The problem:
Return the data below unchanged. Drop any pictures.

Provided data:
━━━

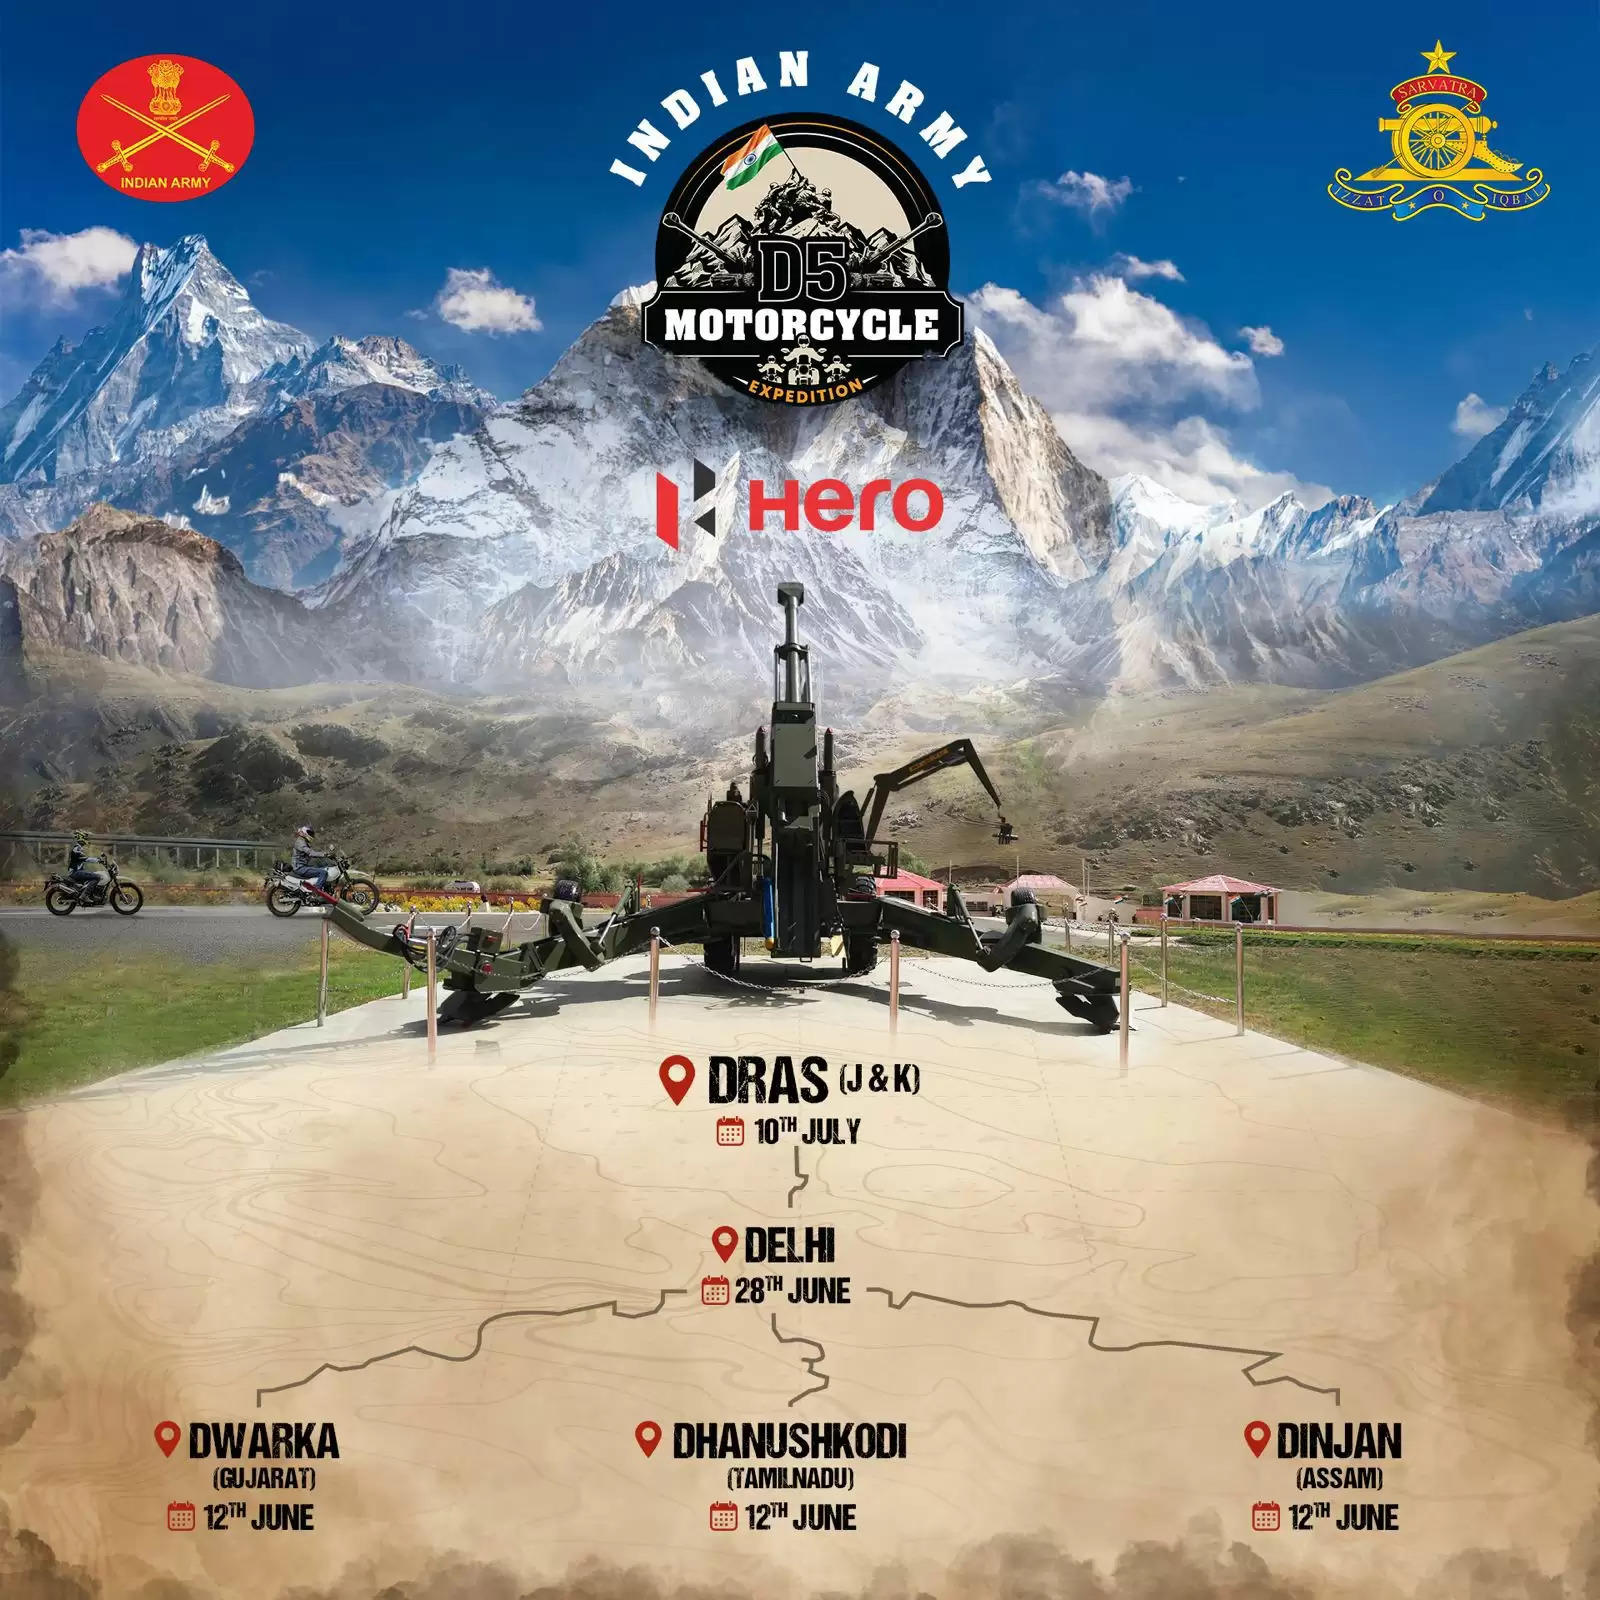 Indian Army has commenced a Pan-India Motorcycle Expedition on 12 June. This journey is commemorating the 25th anniversary of Indian victory over Pakistan in the Kargil War of 1999
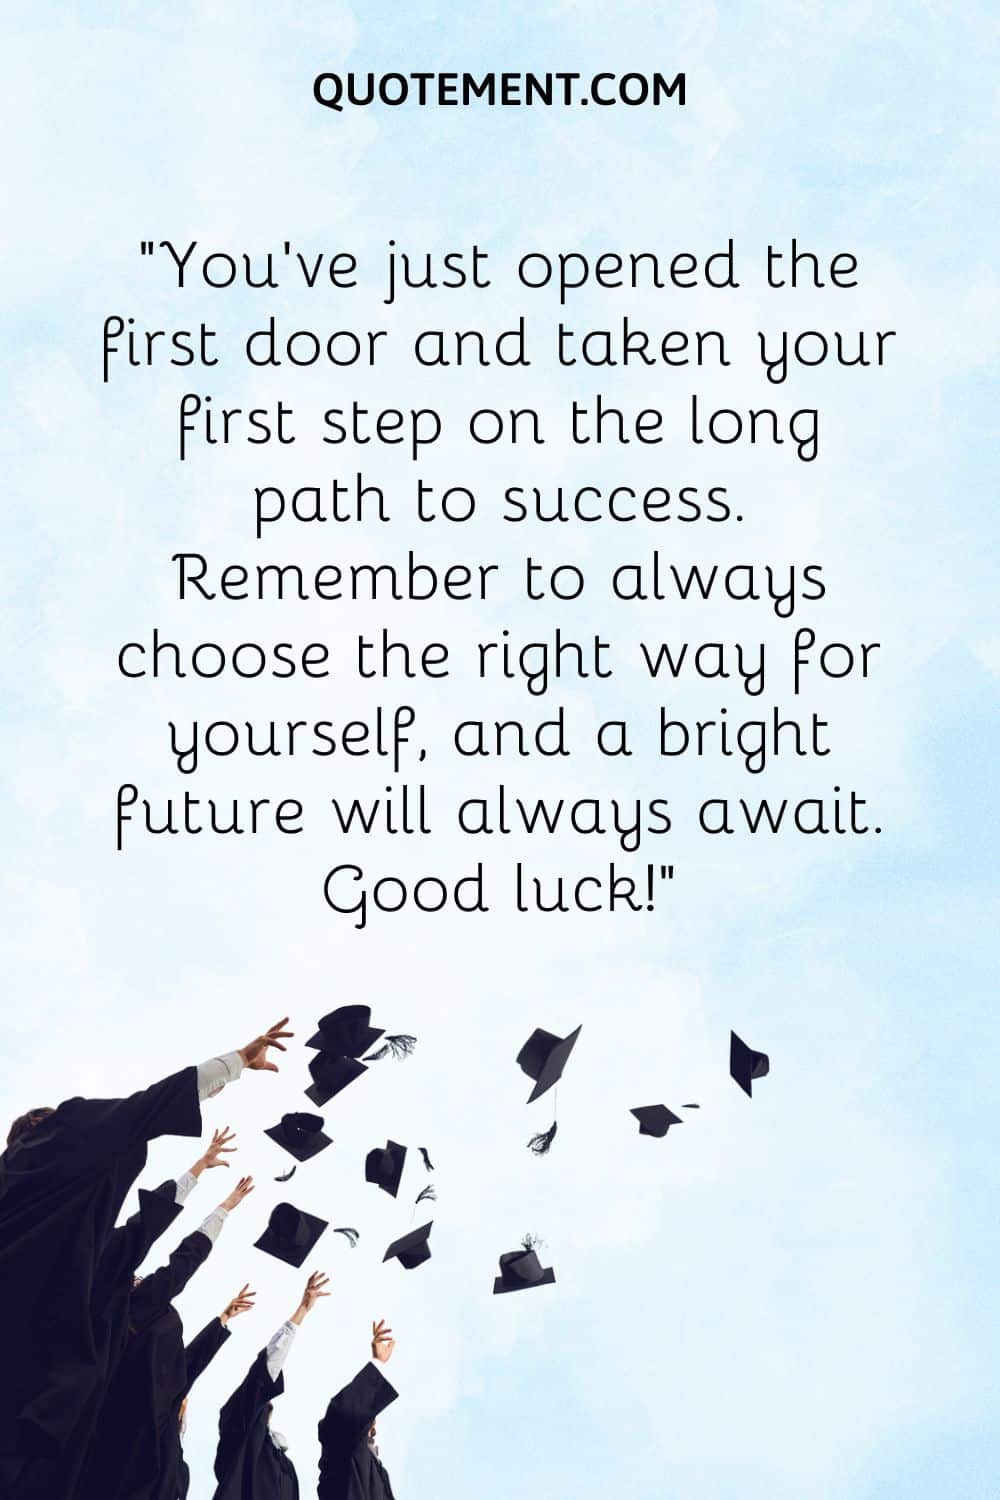 You've just opened the first door and taken your first step on the long path to success. Remember to always choose the right way for yourself, and a bright future will always await. Good luck!
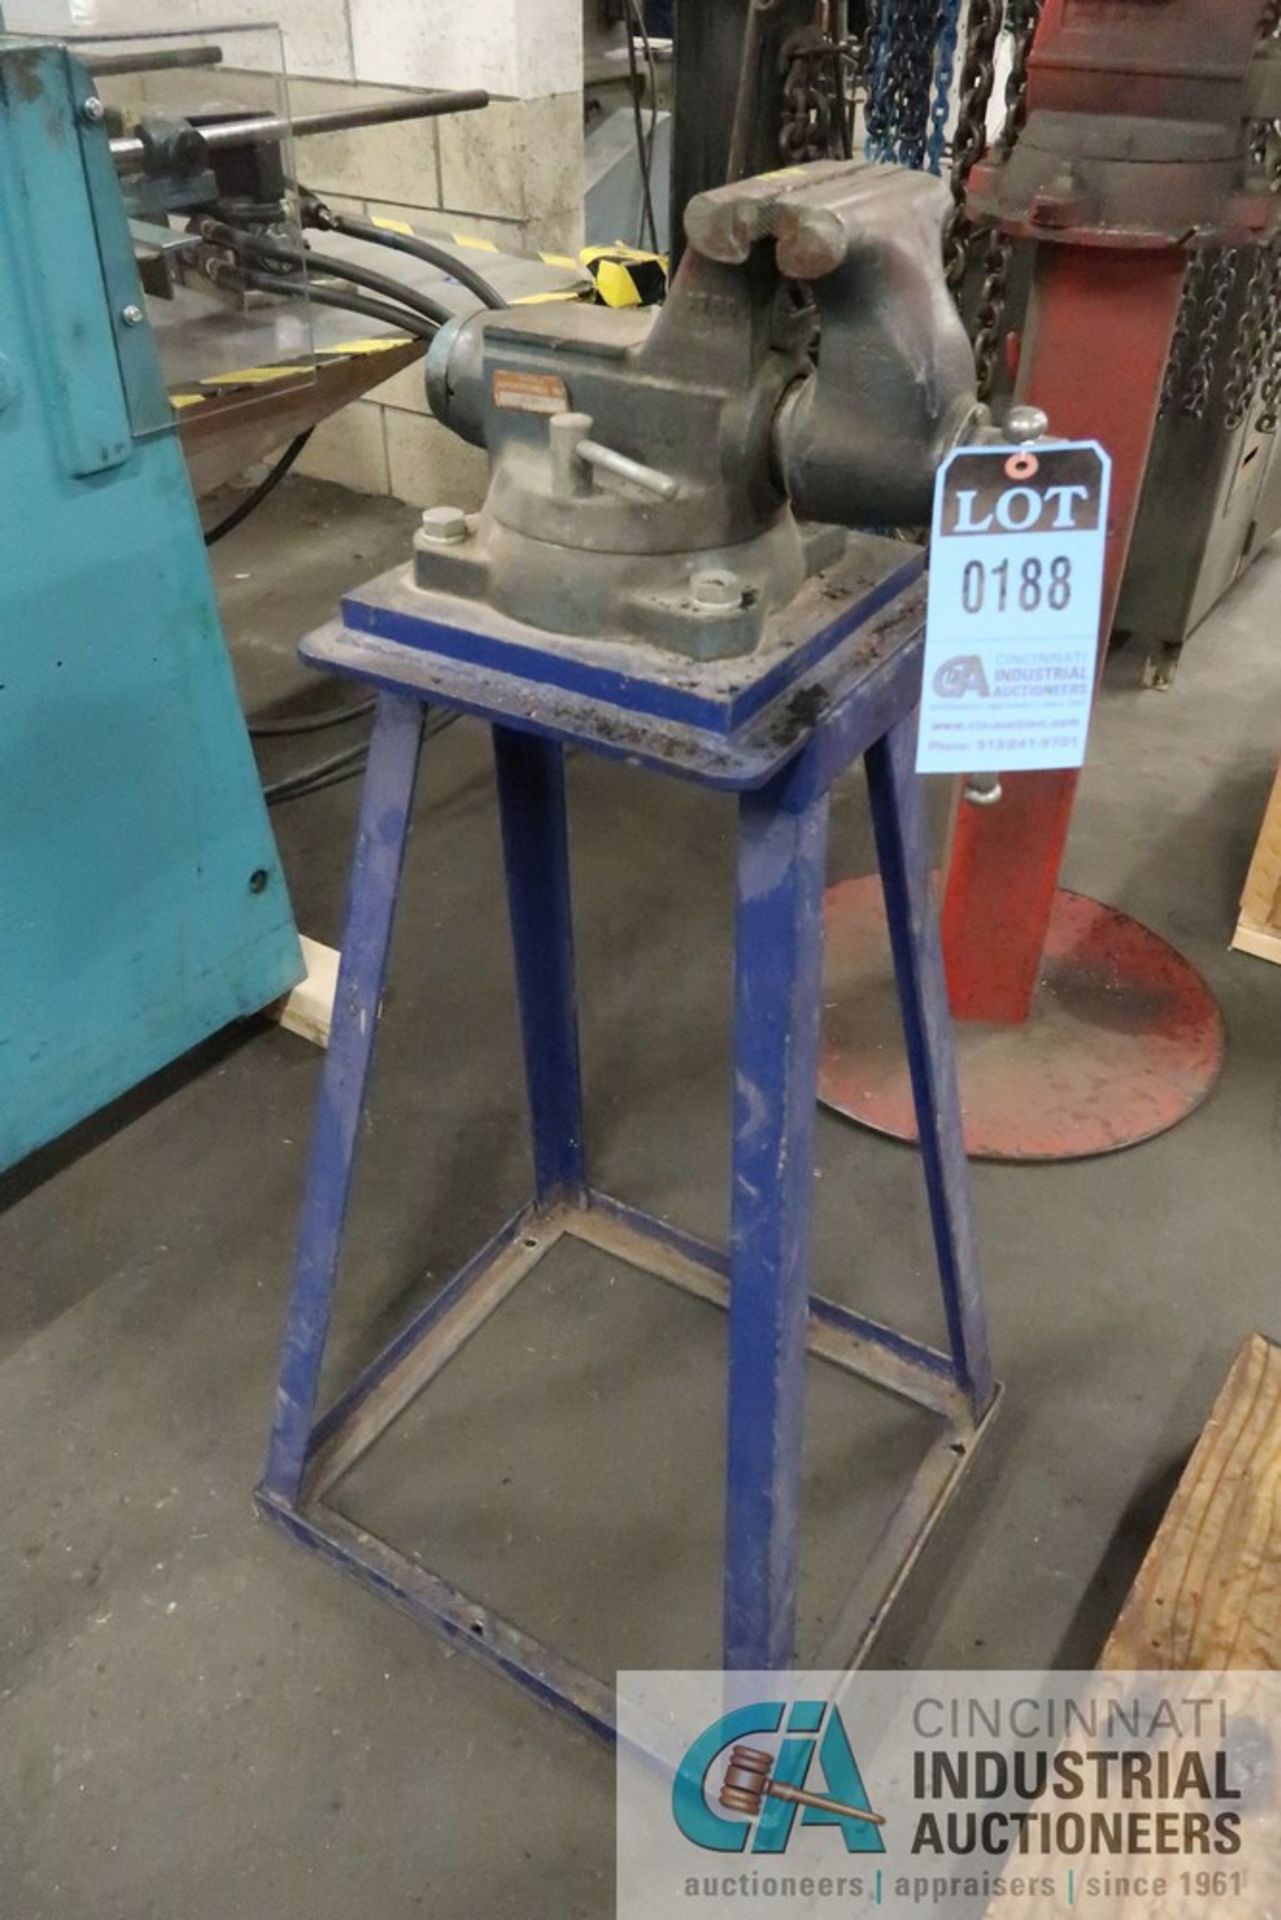 5" BENCH VISE MOUNTED ON STEEL STAND

━━━

Exercise answer:
 Indian Army has commenced a Pan-India Motorcycle Expedition on 12 June. This journey is commemorating the 25th anniversary of Indian victory over Pakistan in the Kargil War of 1999
 You've just opened the first door and taken your first step on the long path to success. Remember to always choose the right way for yourself, and a bright future will always await. Good luck!
 5" BENCH VISE MOUNTED ON STEEL STAND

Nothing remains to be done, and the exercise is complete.